Suharto's coffin was lowered into his grave, next to that of his wife, who died in 1996, and one salvo was fired at the funeral ceremony, led by President Susilo Bambang Yudhoyono.
Suharto’s steps immortalized
‘I on behalf of the nation and the Indonesian military, surrender the body and soul of Haji Muhammad Suharto to the soil of the motherland,’ said Yudhoyono.”
With this, Haji General and President of Indonesia Susilo Bambang Yudhoyono forgave Haji General and former President of Indonesia Mohammed Suharto, on behalf of the Indonesian nation. It seems that the former dictator had been forgiven by many – by former leaders of Malaysia, Singapore and Brunei, by the entire top military brass of Indonesia, by the business elites, by the leaders of the political parties that are all staunchly pro-business (except Papernas, which did not “forgive him”), by the religious clergy (after all, he did kill hundreds of thousands of “atheists”, and NU as well as other religious movements gave him a helping hand during the massacres), by Western governments that supported him from the beginning, and, of course, by his entire outrageously corrupt family. It also seems that he had been forgiven by most of the mass media at home, in most ASEAN countries, in the United States, Europe and Australia.

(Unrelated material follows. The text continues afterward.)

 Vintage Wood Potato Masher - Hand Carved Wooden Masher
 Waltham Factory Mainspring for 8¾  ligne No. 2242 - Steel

Like any good king, he left behind no strife that might engender independent thought, no real opposition and no alternative interpretation of his reign. Dirt-poor Indonesians lined up to catch a glimpse of his hearse in Jakarta and in Solo. There were no mass demonstrations and no demands to return the billions stolen from the desperate nation.
Although most Indonesians had heard about the massive corruption involving Suharto and his family, they had also been told that during his reign the economy had done much better than before he grabbed power and after he was forced to step down.
Although some know that massacres occurred in 1965/66, the taboo on public mention of the massacres remains strong. The nation was forced-fed propaganda about a communist coup and about the army that saved the nation. Hatred directed towards leftists, atheists and people of Chinese origin became the main pillar of Suharto’s governance. And there is no general awareness about the genocide in East Timor or the massacres in Papua. Even, especially, the upper middle class and elites that have full access to foreign media continue to downplay reports on the subject of Javanese colonialism.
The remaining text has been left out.